Search code examples
cunixsocketsmultithreadingc10k

How to scale a TCP listener on modern multicore/multisocket machines


I have a daemon to write in C, that will need to handle 20-150K TCP connections simultaneously. They are long running connections, and rarely ever tear down. They have a very small amount of data (rarely exceeding MTU even.. it's a stimulus/response protocol) in transmit at any given time, but response times to them are critical. I'm wondering what the current UNIX community is using to get large amounts of sockets, and minimizing the latency on response of them. I've seen designs revolving around multiplexing connects to fork worker pools, threads (per connection), static sized thread pools. Any suggestions?


Solution

  • the easiest suggestion is to use libevent, it makes it easy to write a simple non-blocking single-threaded server that would comply with your requirements.

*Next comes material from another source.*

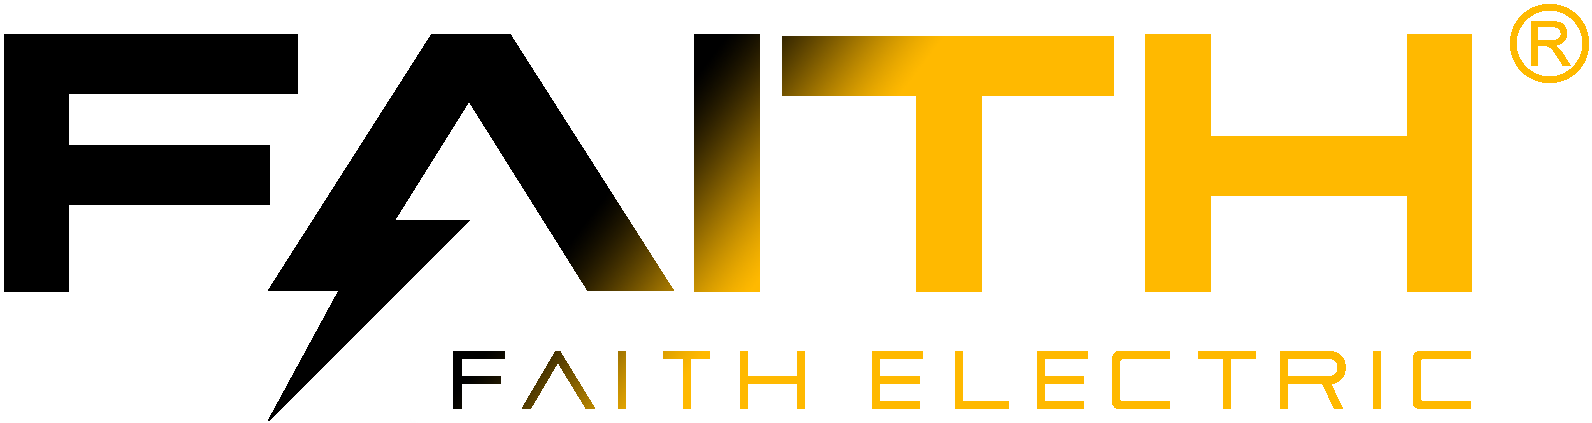 Iman logo listrik

    if the processing for each response takes some time, or if it uses some blocking API (like almost anything from a DB), then you'll need some threading.

    • One answer is the worker threads, where you spawn a set of threads, each listening on some queue to work. it can be separate processes, instead of threads, if you like. The main difference would be the communications mechanism to tell the workers what to do.

    • A different way to do is to use several threads, and give to each of them a portion of those 150K connections. each will have it's own process loop and work mostly like the single-threaded server, except for the listening port, which will be handled by a single thread. This helps spreading the load between cores, but if you use a blocking resource, it would block all the connections handled by this specific thread.

    libevent lets you use the second way if you're careful; but there's also an alternative: libev. it's not as well known as libevent, but it specifically supports the multi-loop scheme.